_WHAT THE TASK REQUIRES:_ Without changing a word, return the listing below, minus its images.

::: DATA SEGMENT :::

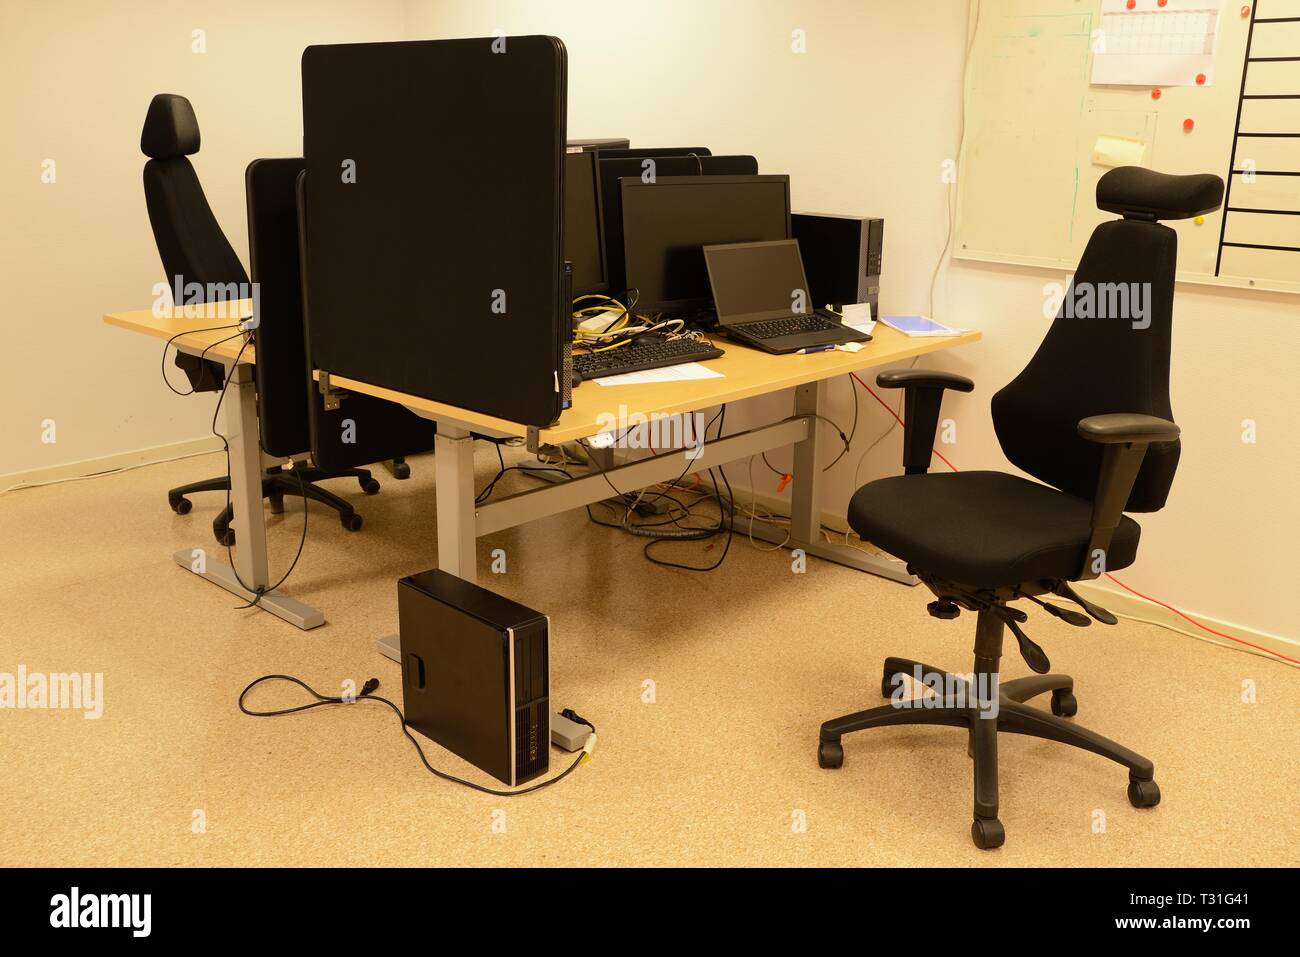 Empty office chairs in a row Stock Photo
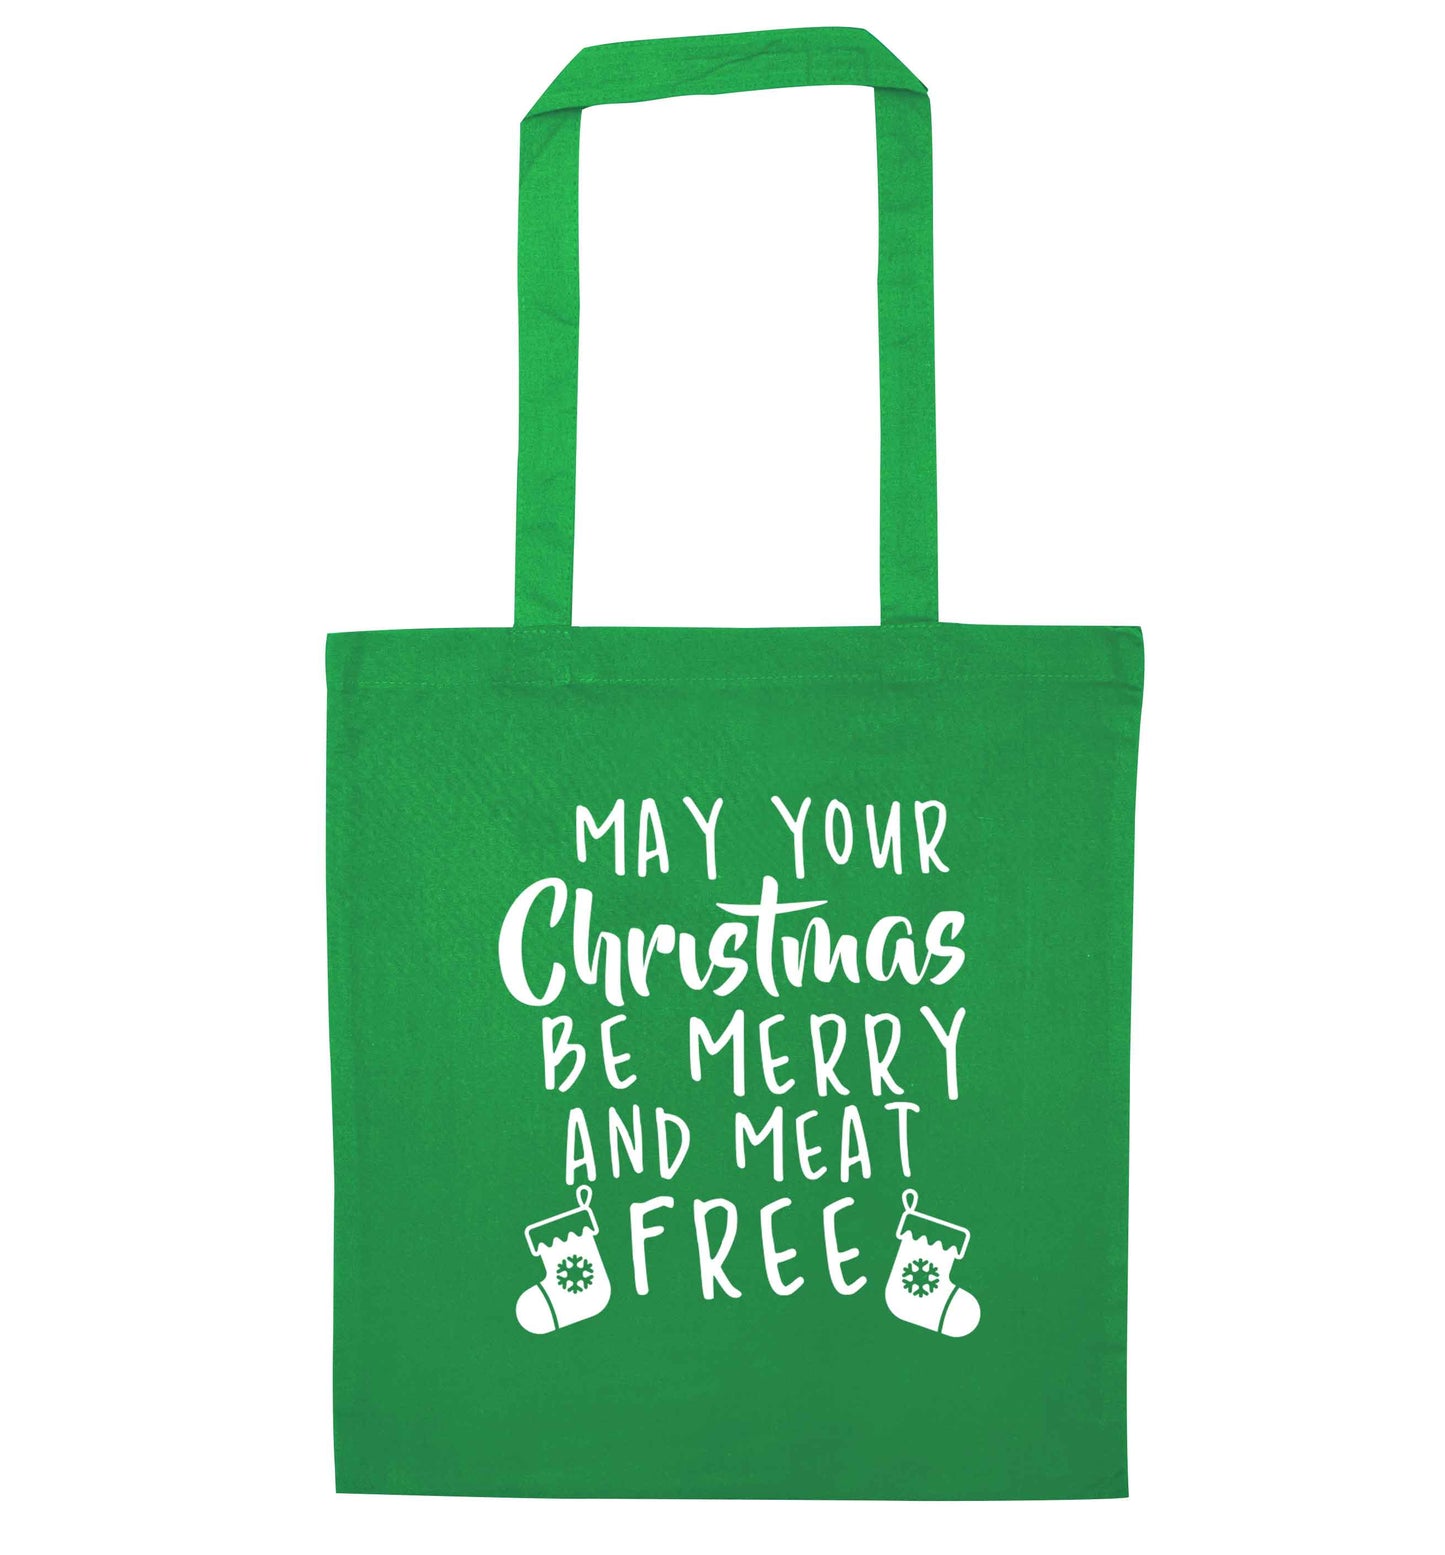 May your Christmas be merry and meat free green tote bag
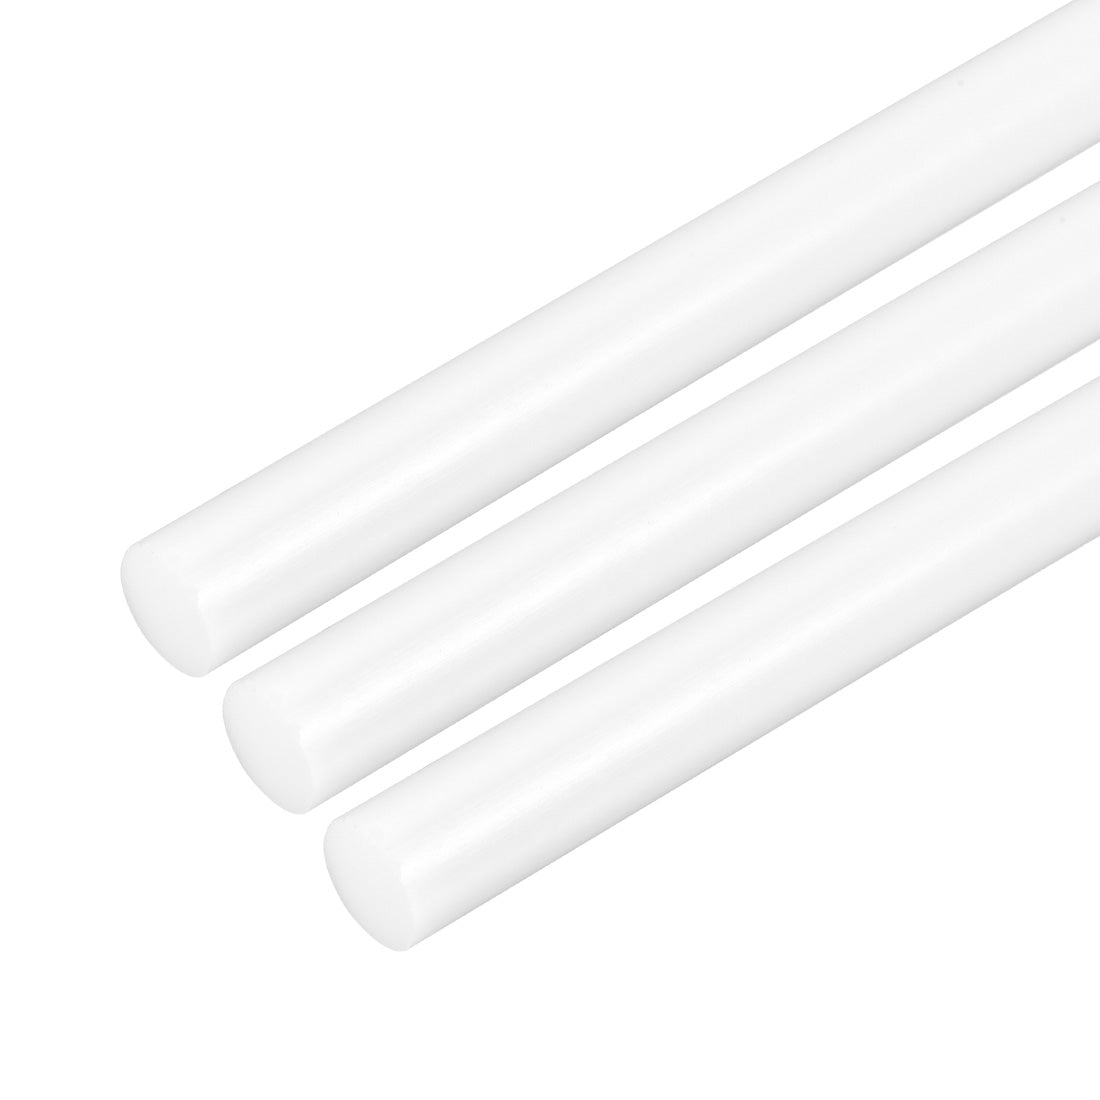 uxcell Uxcell Plastic Round Rod,12.5mm Dia 50cm White Engineering Plastic Round Bar 3pcs

:::

_TASK SOLUTION:_
 Empty office chairs in a row Stock Photo
 May your Christmas be merry and meat free green tote bag
 uxcell Uxcell Plastic Round Rod,12.5mm Dia 50cm White Engineering Plastic Round Bar 3pcs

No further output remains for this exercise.